Data =>
● ● ● ●
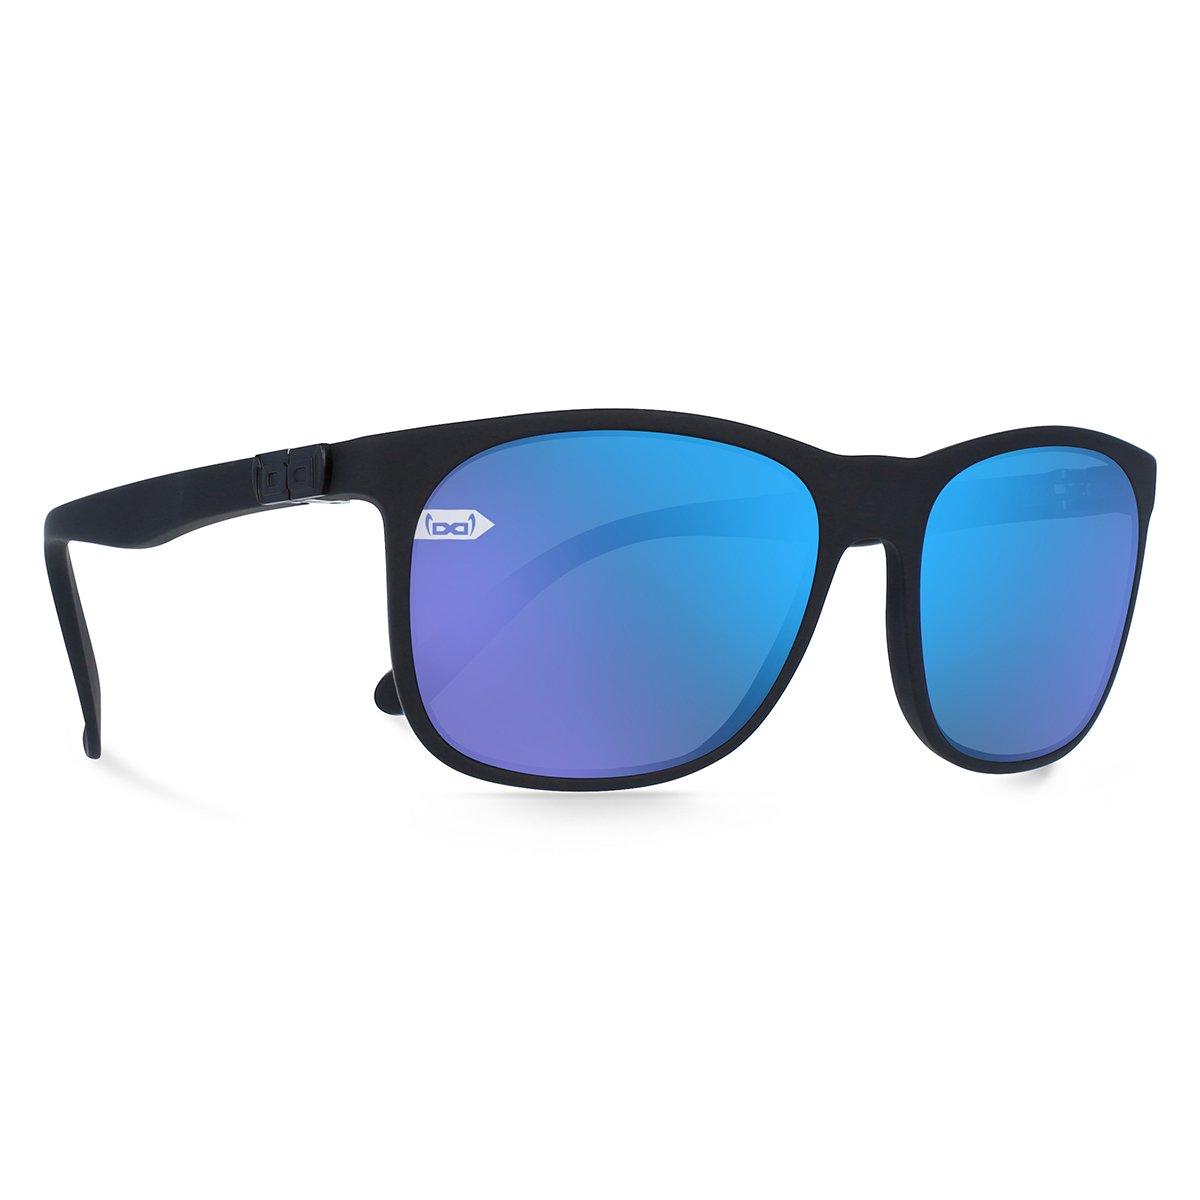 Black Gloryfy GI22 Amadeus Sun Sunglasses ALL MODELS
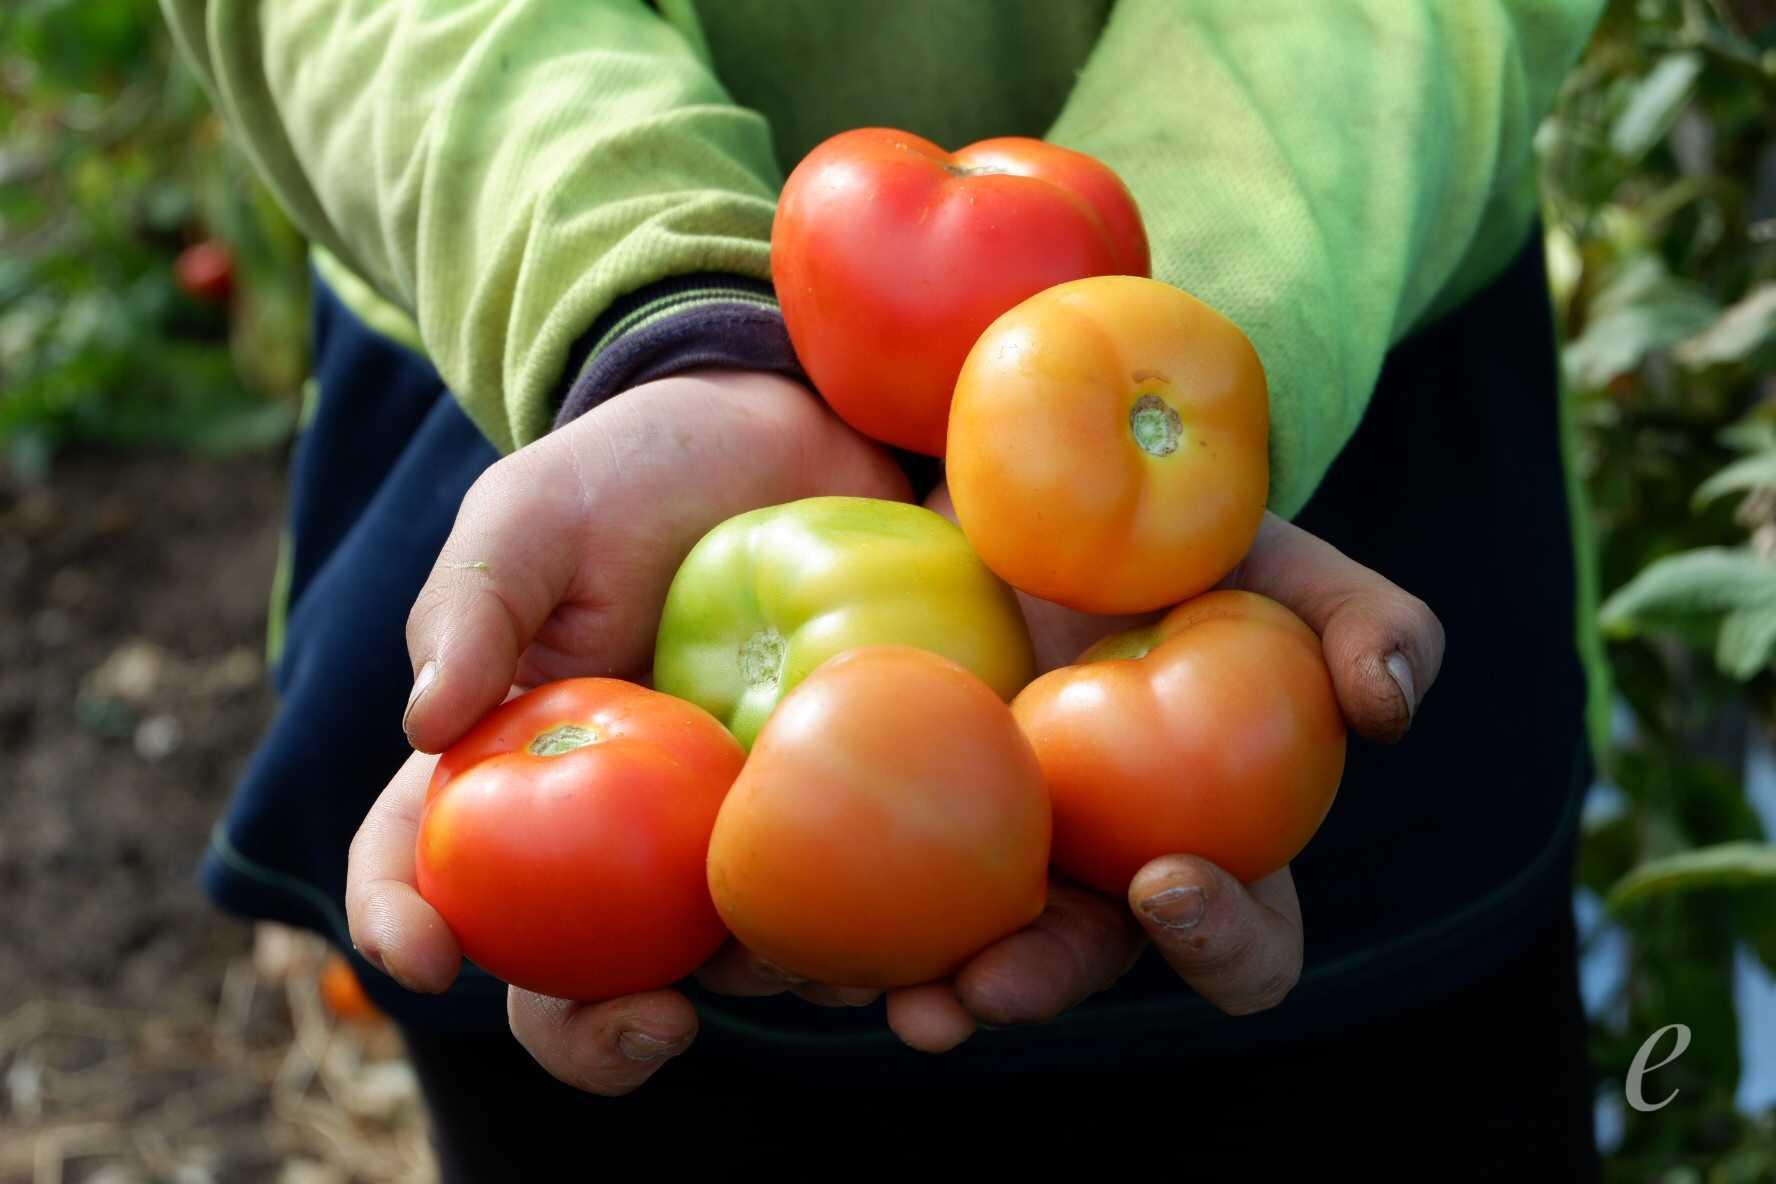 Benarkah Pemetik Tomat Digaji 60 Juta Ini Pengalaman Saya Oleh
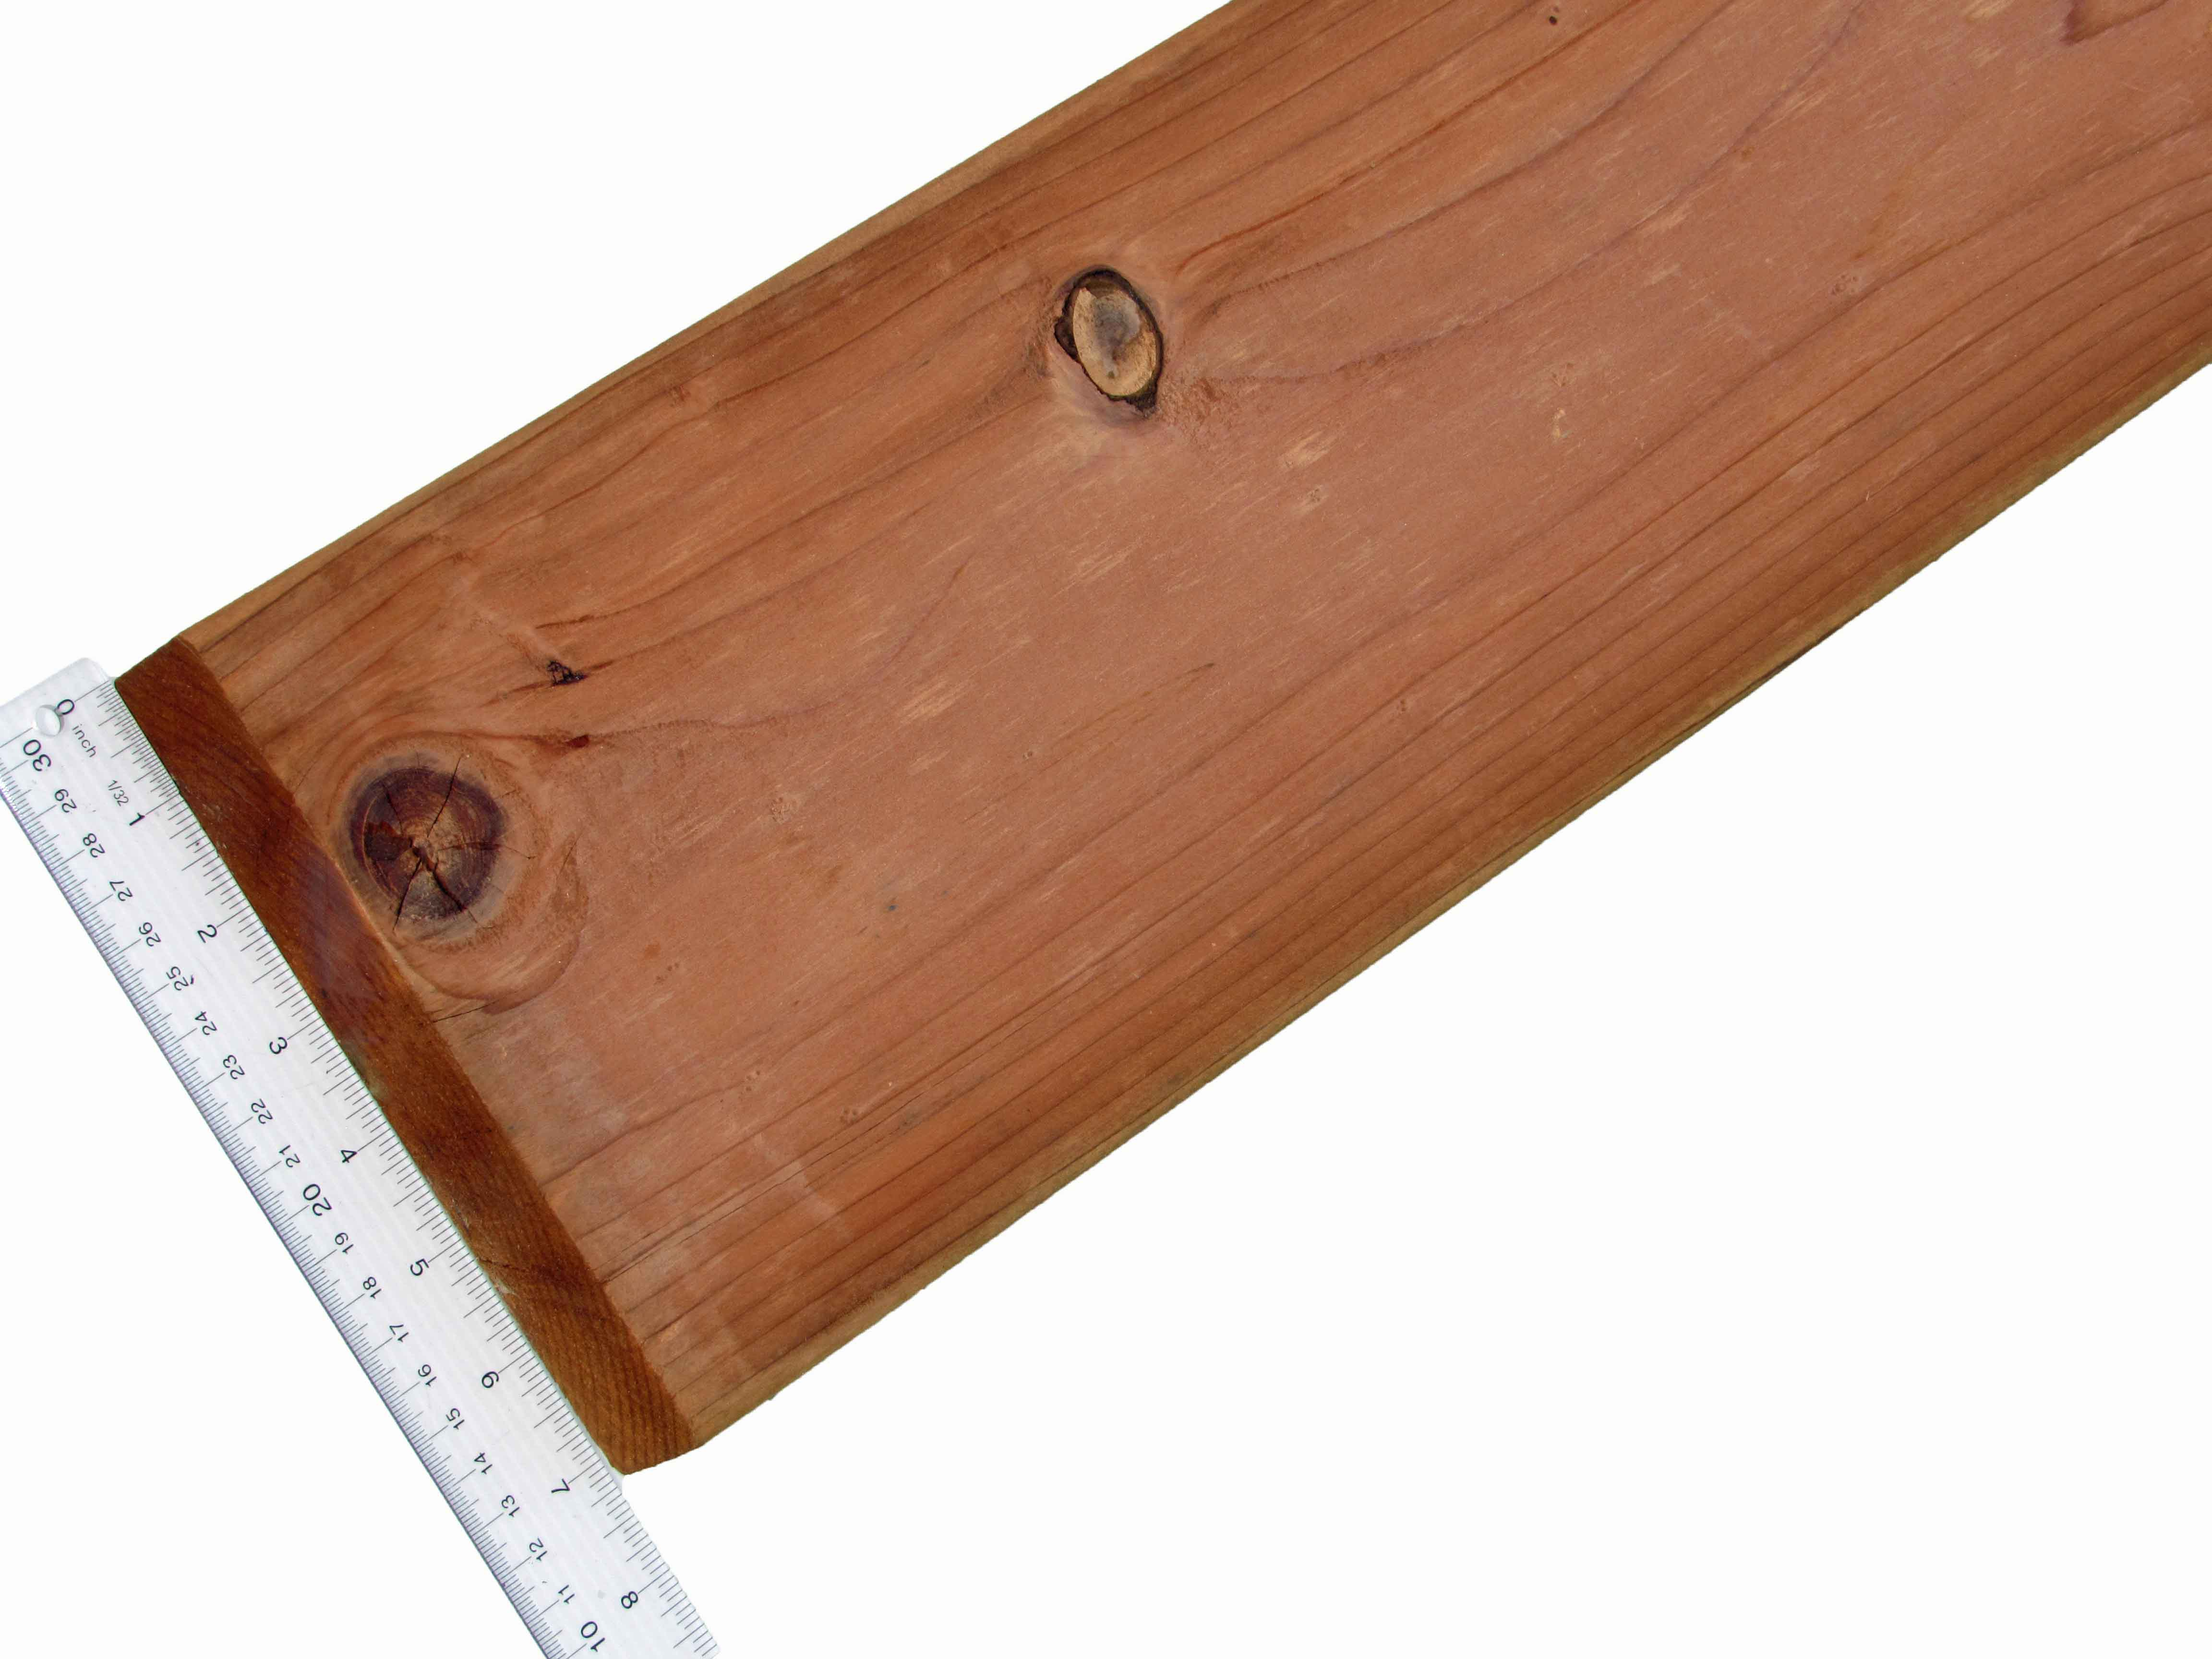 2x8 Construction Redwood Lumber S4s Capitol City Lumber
● ● ● ●
Repeat the data exactly in full, omitting its pictures.

Solved exercise =>
 Black Gloryfy GI22 Amadeus Sun Sunglasses ALL MODELS
 Benarkah Pemetik Tomat Digaji 60 Juta Ini Pengalaman Saya Oleh
 2x8 Construction Redwood Lumber S4s Capitol City Lumber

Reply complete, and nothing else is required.